The big event, the loss of a young life, occurs early in the movie. Viewers observe the grief of parents (especially that of the mother) at the sudden death of their young adult son. At this point the Job quote is illustrated by a panoramic dramatization of the creation of the universe and the beginning of life in answer to the mother’s whispered questions to God, “Lord, why? Where were you? Did you know what happened? Do you care?”

Between this event and the gradual acceptance of the death of a family member, the movie explores (in flashbacks) the life of a family, and the emotions within that small circle of people trying to make sense of life and spirituality, in a cosmos that often seems senseless and ruled by nature not by grace. The adolescent main character Jack at one point echoes the Apostle Paul when he kicks at objects in an abandoned house, muttering: “What I want to do, I can’t do. I do what I hate.”

The story takes place in Texas in the 1950s. Jessica Chastain plays the part of Mrs. O’Brien. The opening scenes picture her as a little girl and shortly thereafter as young woman receptive to the beauty in the world around her, embracing life and all it has to offer. “The nuns taught me that there are two ways through life, the way of nature and the way of grace. You have to choose which one you follow,” she says.

“Grace doesn’t try to please itself; accepts being slighted, forgotten, disliked; accepts insults and injuries. Nature only wants to please itself — gets others to please it too — likes to Lord it over them — to have its own way. It finds reason to be unhappy when all the world is shining around it — and love is smiling through.”

It’s obvious Mrs. O’Brien has chosen the way of grace. Following a butterfly until it lands lightly on her finger, moving gracefully behind gauze curtains, actually floating upward at one point, as if suspended from an invisible string — she is all about freedom and light.

Her husband, portrayed by Brad Pitt, is short-tempered and frustrated, competitive and envious of others who are wealthier. He has definitely chosen to follow nature. Musically gifted and resentful that he has not pursued his talents, he often makes life difficult for his wife and his three sons, especially the eldest son, Jack (Hunter McCracken and Sean Penn). He advises the adolescent Jack not to grow up to be like him, but to pursue success. “It takes fierce will to get ahead in this world,” O’Brien tells Jack.

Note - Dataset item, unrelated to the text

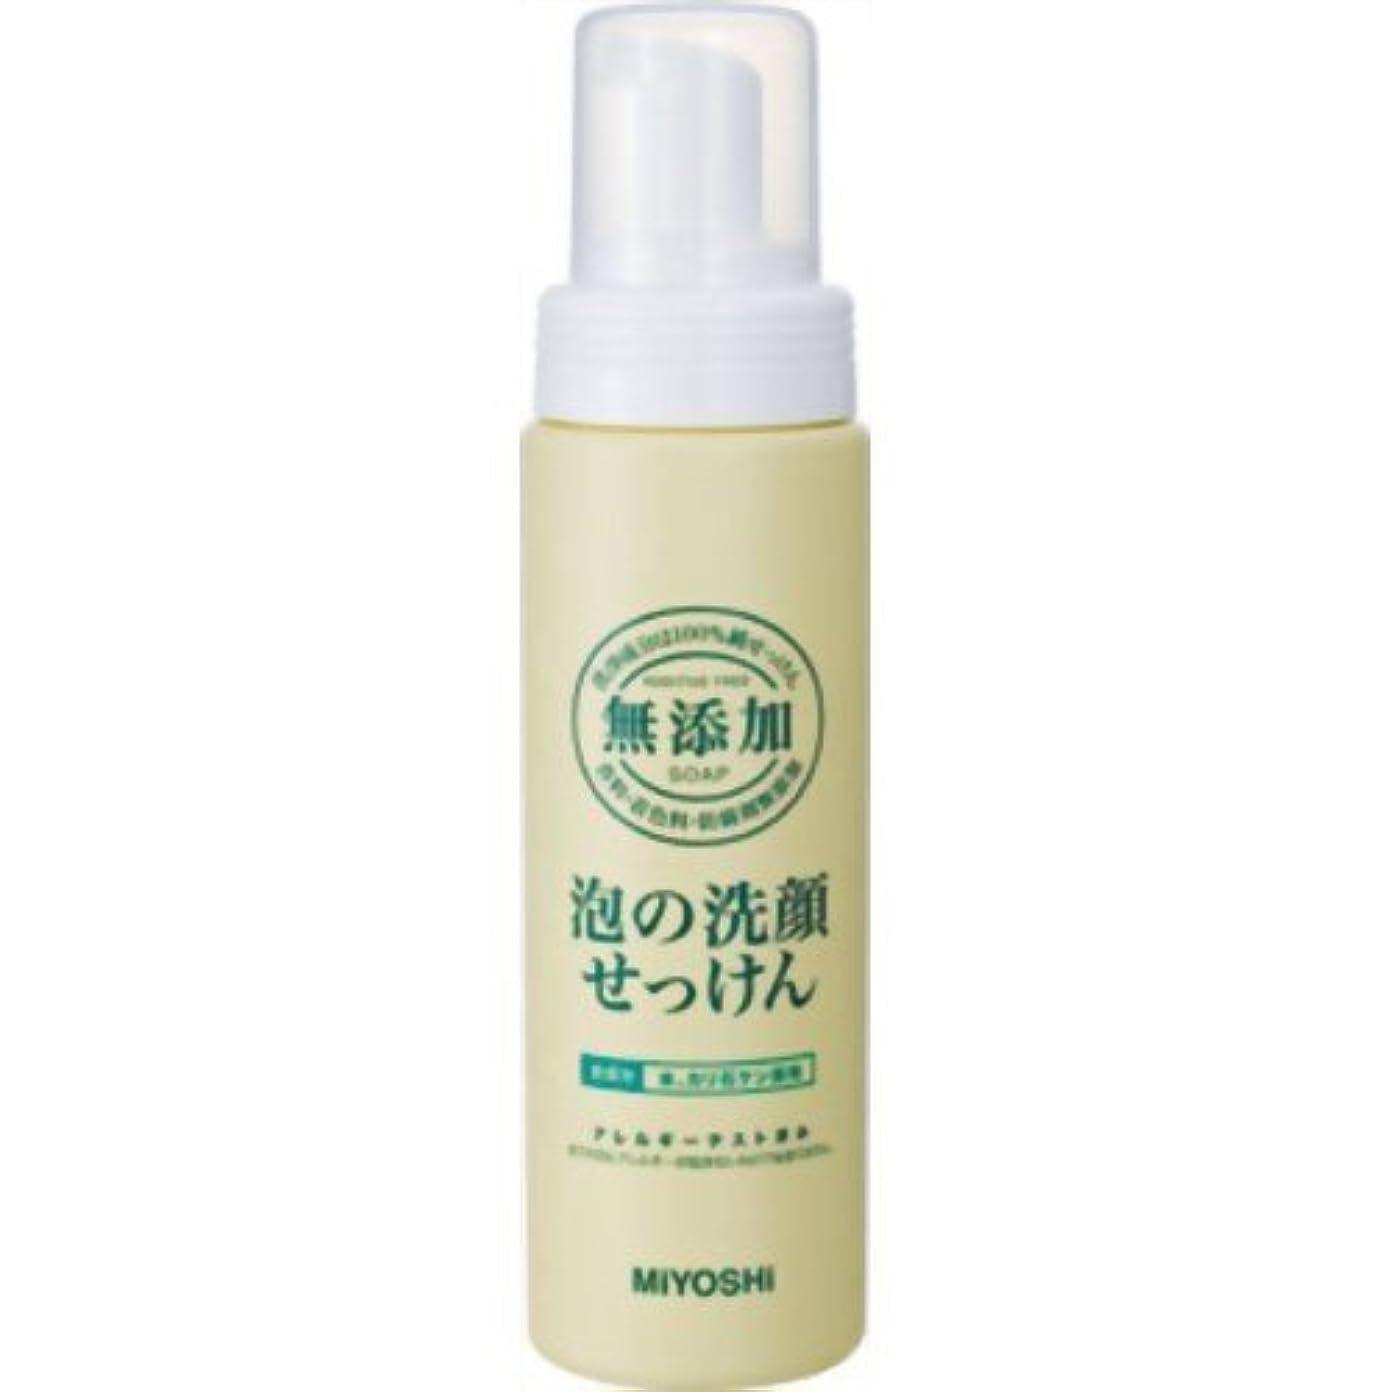 命題北極圏肥沃な無添加泡の洗顔せっけんポンプボトル × 3個セット

Jack does grow up to be a prominent but unhappy architect. The way of nature and the way of grace struggle within him. “Father, mother, always you wrestle inside me, always you will,” whispers a voiceover. At the outset, the movie shows him as an adult in a telephone conversation with his father. The tragic event in his family haunts him, and he tells his father that there isn’t a day that goes by in which he doesn’t think of it. The movie then flashes back to his childhood and adolescence.

Mrs. O’Brien’s struggle with grief is very real and very cathartic for those who are grieving the loss of a loved one. After a long period of mourning, she is able to release her son and says in a whispered voiceover, “I give him to you, I give you my son. I leave it all in your hands.” The way of grace is to choose to accept the mystery, to live with the questions, and to be grateful. Her place of loss and her own emptiness becomes a place in which she meets God.

(Spoilers to follow) In a final scene, Jack’s whole family appears before him in a vision of a joyful reunion. He sees his deceased brother again, and together the family releases his soul to another spiritual level.

Director Terrence Malick spent many years writing this family drama. Having lost a brother to suicide, he writes from his own experience.

Elfrieda Neufeld Schroeder attends Jubilee Mennonite Church, Winnipeg.